Sunday, September 26, 2010

Blessed Rainy Day


Pictured above: the torrential rains and lightning-filled storms of Blessed Rainy Day

The 23rd of September is the last day of monsoon season in Bhutan, and is known as Blessed Rainy Day. The night before, you're supposed to leave a bucket out and then take a bath in the morning with the night's rainwater. This ritual cleaning supposedly will wash your sins away. Due to Blessed Rainy Day being more like Blessed Picnic Day, the only rainwater bath I got on Thursday was when I scooped a thimble's worth of water out of the concave top of a mushroom and wetted my hair.

Jon and I went hiking to a nearby monastery. More pictures of the beautiful place I live in, aren't you jealous, blah blah blah.




Above picture by Jon, I think.

Most monasteries have solar panels since the power lines don't go to the tops of mountains.
Picture of the Thimphu valley. Picture by Jon.





Saturday, September 18, 2010

A Celebration to Vishwakarma

So the Thimphu Tsechu was going on all at Tashichoddzong (Wikipedia has some wicked pics of the place) the whole weekend, but the real party was on the streets, where the machine workers of Bhutan were celebrating the Vishwakarma Puja.
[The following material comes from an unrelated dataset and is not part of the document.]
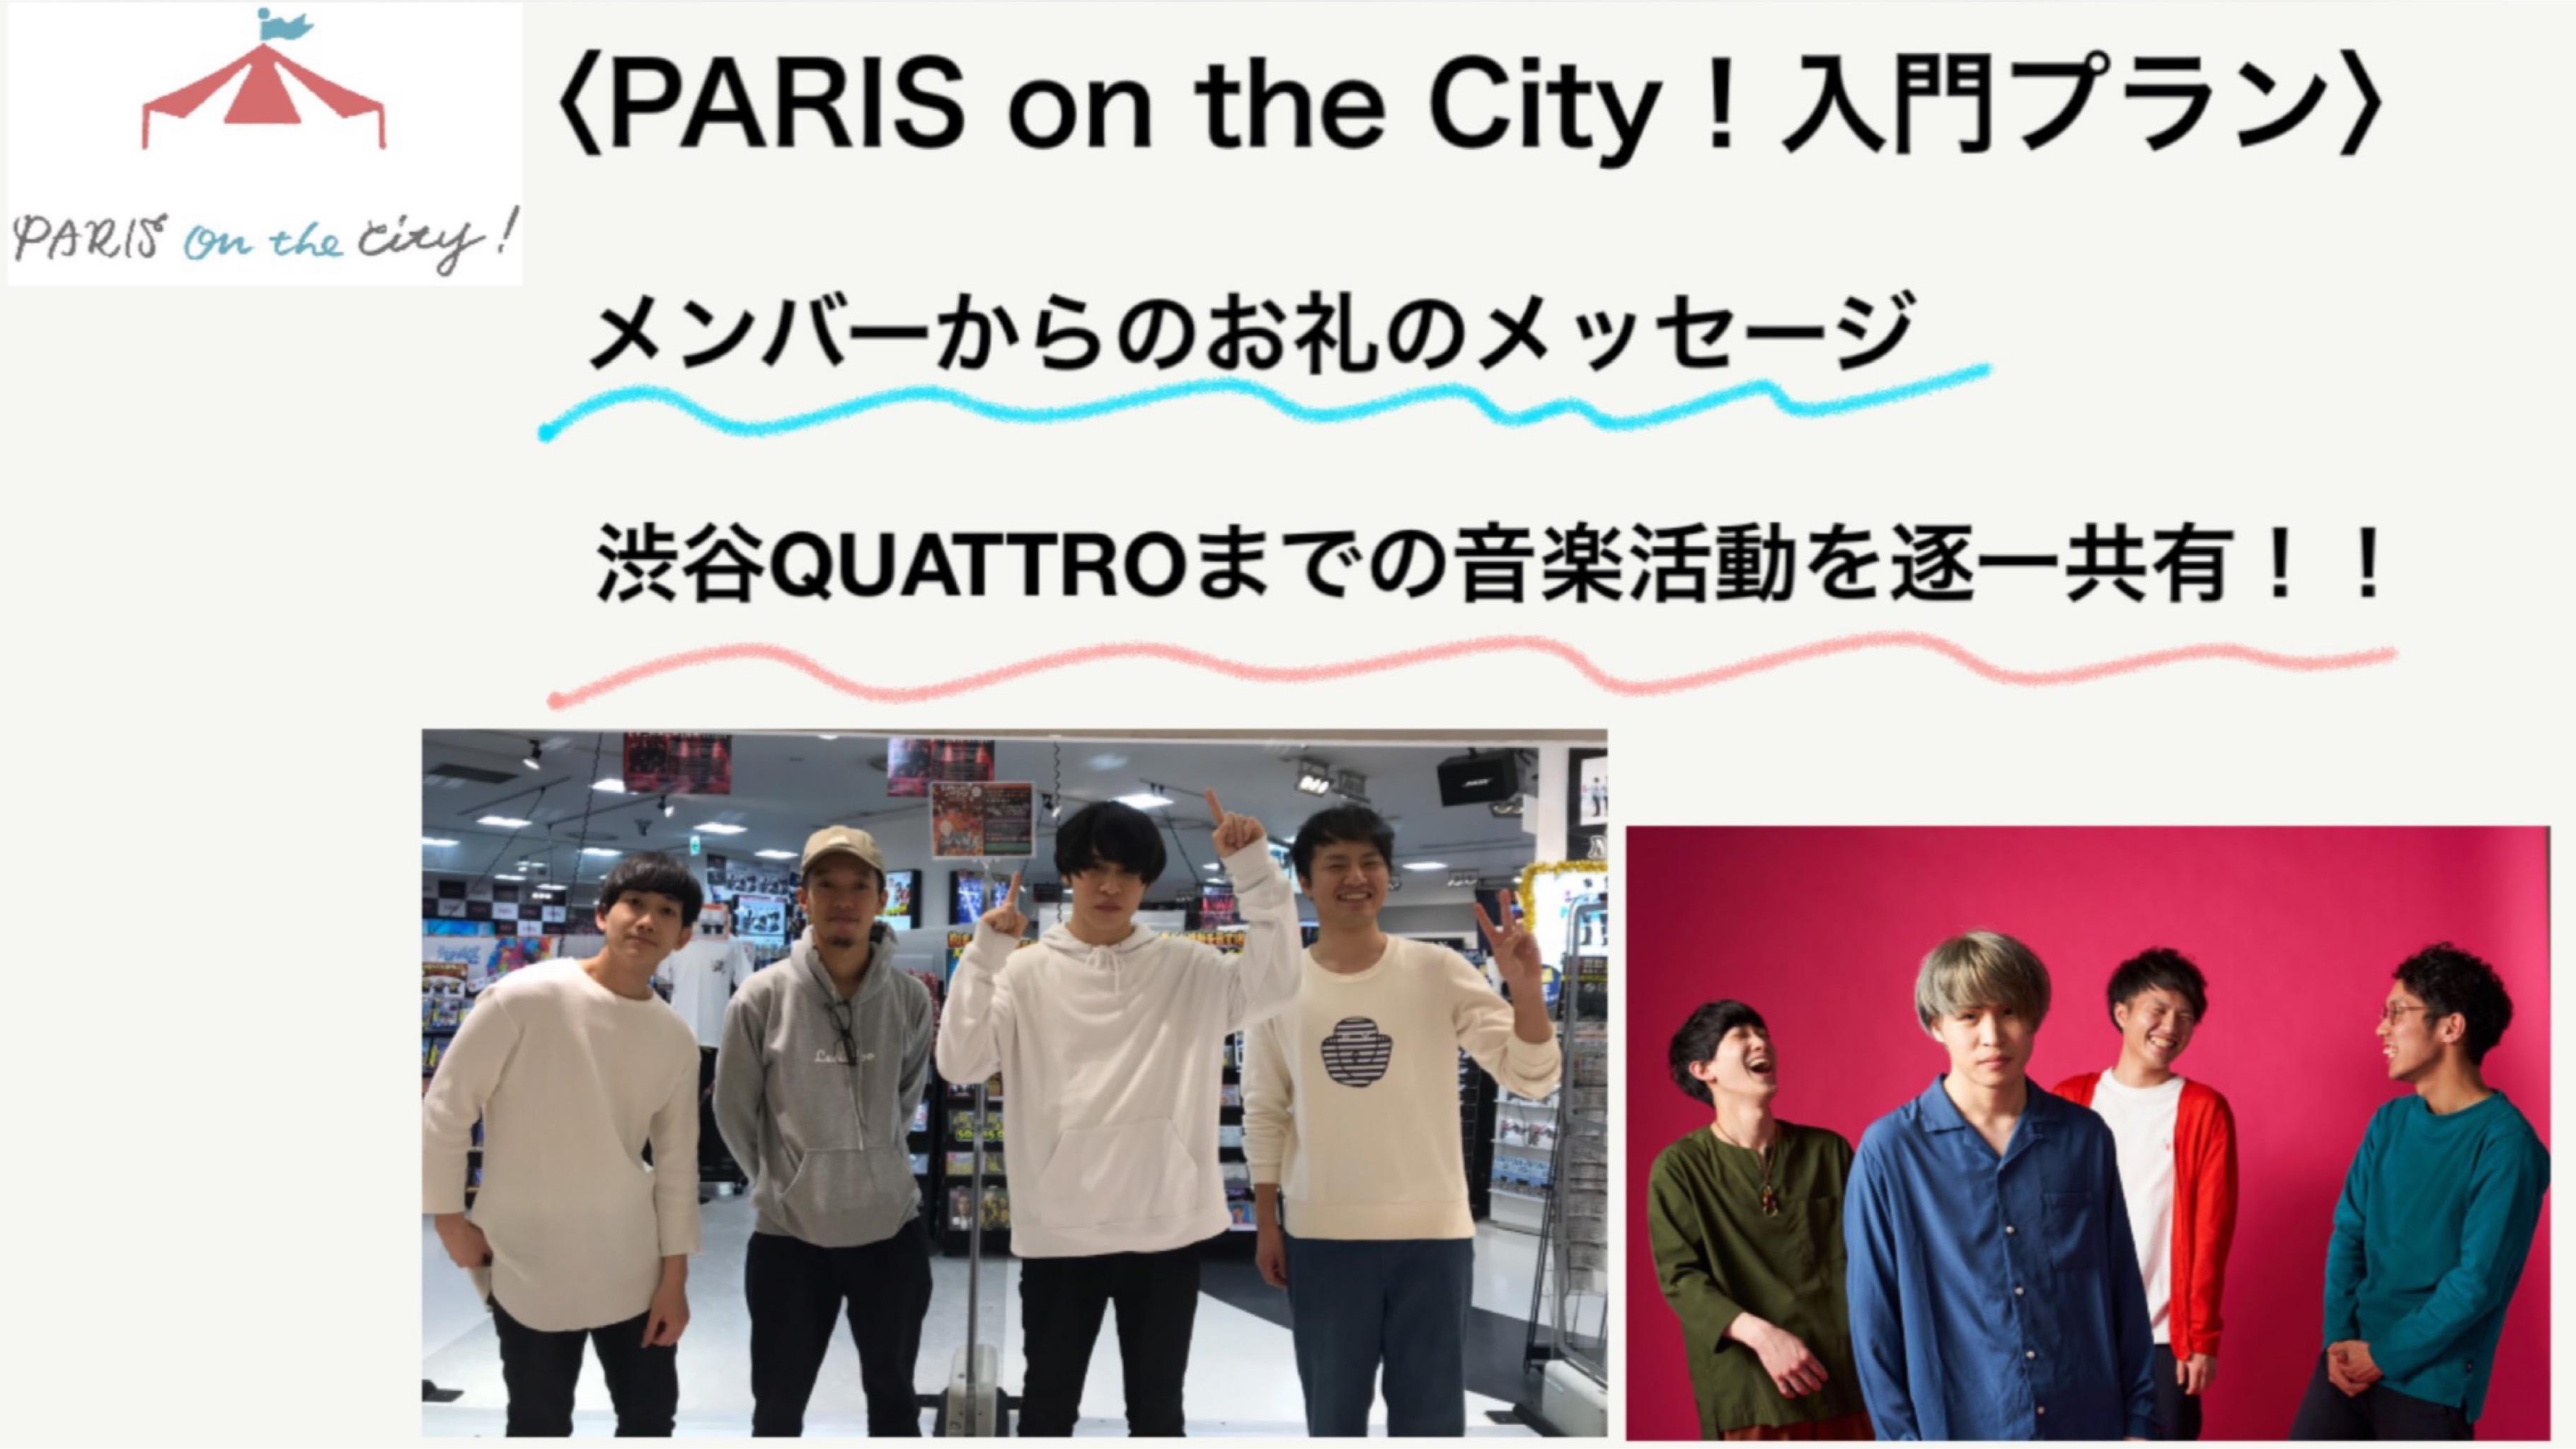 <PARIS on the City!入門プラン>

Vishwakarma is the seventh son of Brahma, and is a mechanical genius who even made several flying machines. In his honor, on Friday every construction site and machine shop took time off, built either an altar or a small temple to get down in, and partied like mad crazy. Hella Bollywood. Saturday morning everyone piled into the back of the umpteen construction trucks driving around Thimphu and just went around cheering and pumping their fists. One Christmas-tree like truck after another, just loads and loads of mostly Bengali men shouting uproariously at you.
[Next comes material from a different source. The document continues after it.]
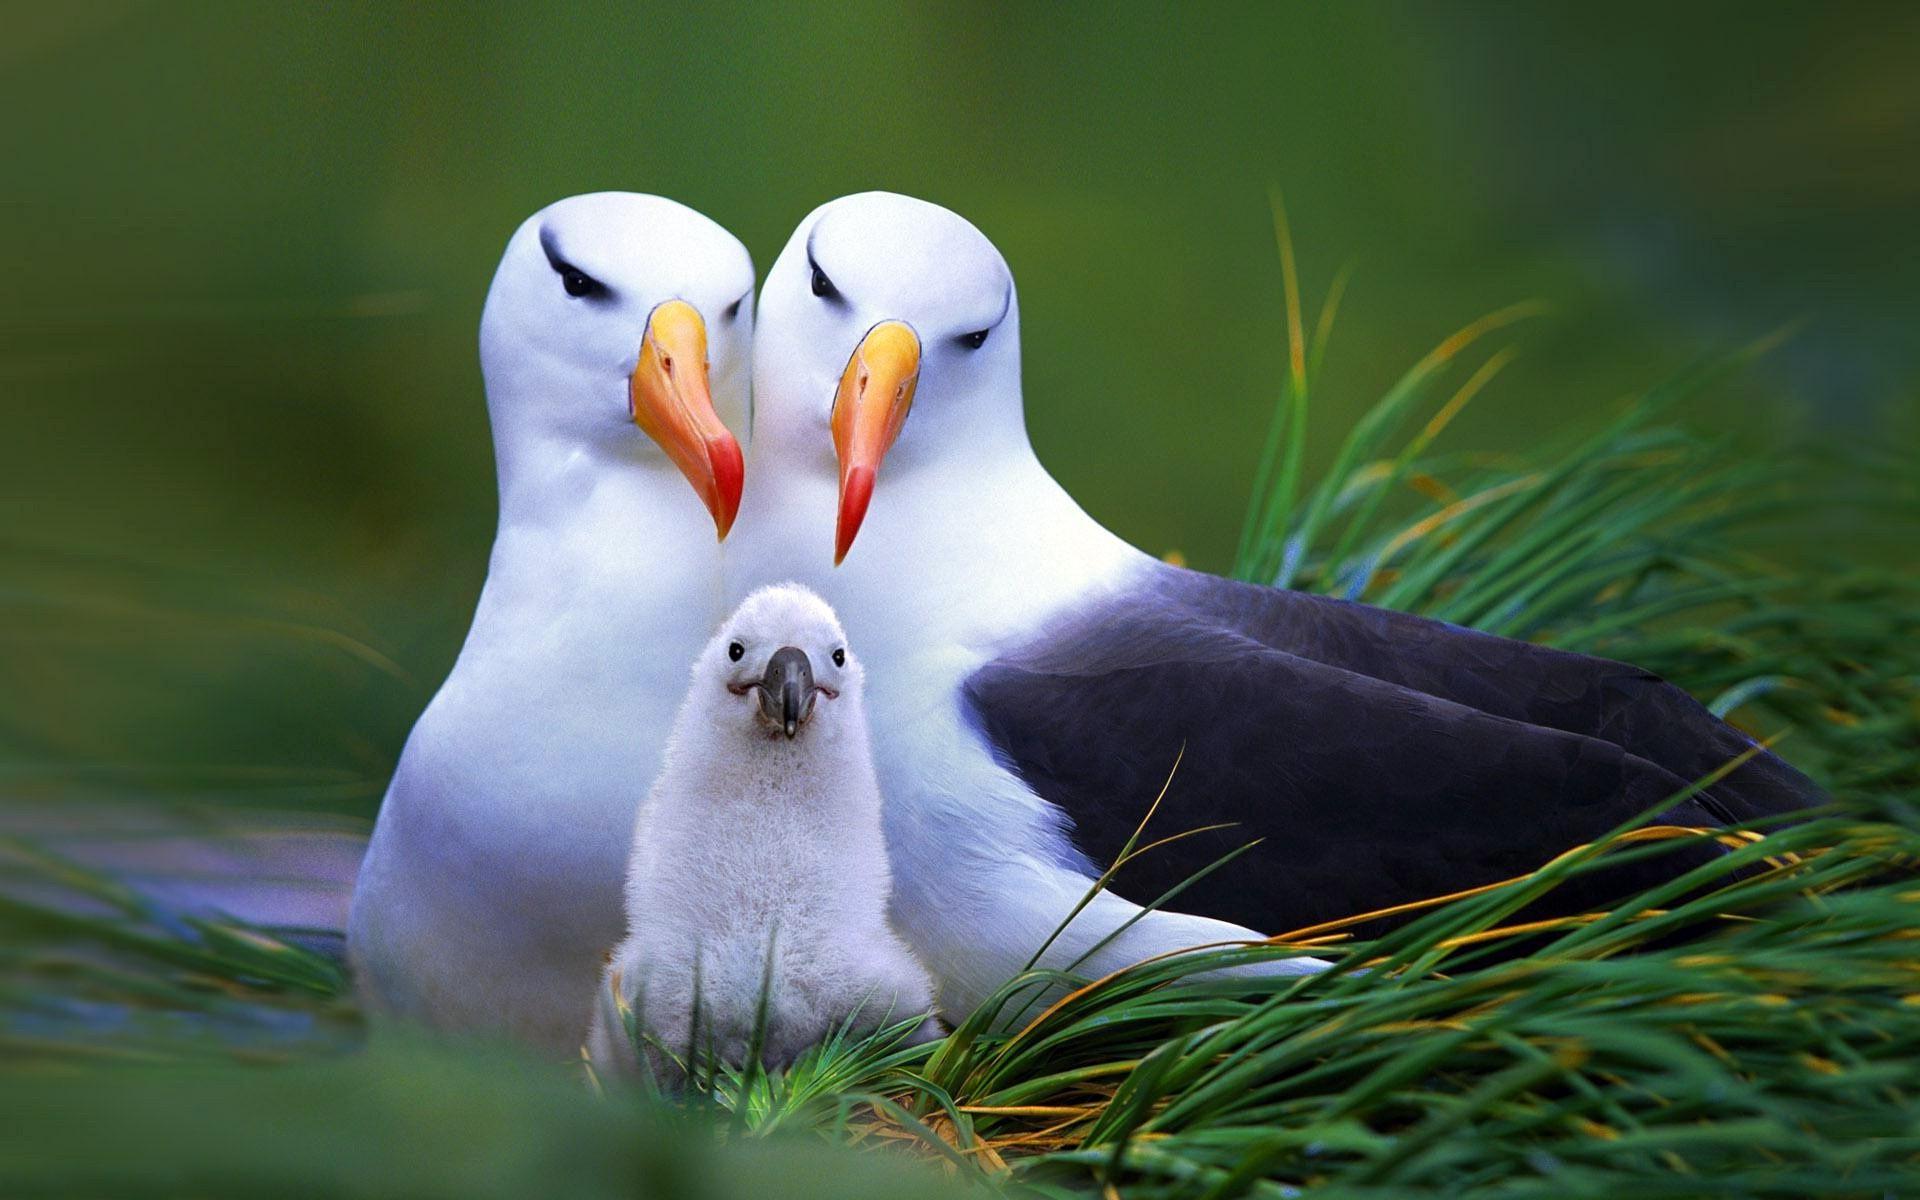 wallpaper : 1920x1200 px, baby animals, birds, seagulls 1920x1200

You can read more about the Vishwakarma Puja here, here, or here.

Sunday, September 12, 2010

The Hike to Cheri, Pt. 2

Some odd number of weekends ago, Jon and I wanted to get out of the city. So we decided to go to Tango and Cherri, two monasteries near enough to drive to but far enough out that we could ignore the lit, wired, developing, back-alley-borough-rat's-nest of a settlement to the south

My notes from that time in the wilderness are hastily scrawled, and my sweat bled out most of the ink, but I can make out some things:

"filming Ms. Bhutan competition, #14 cute, all look better in real life than on television"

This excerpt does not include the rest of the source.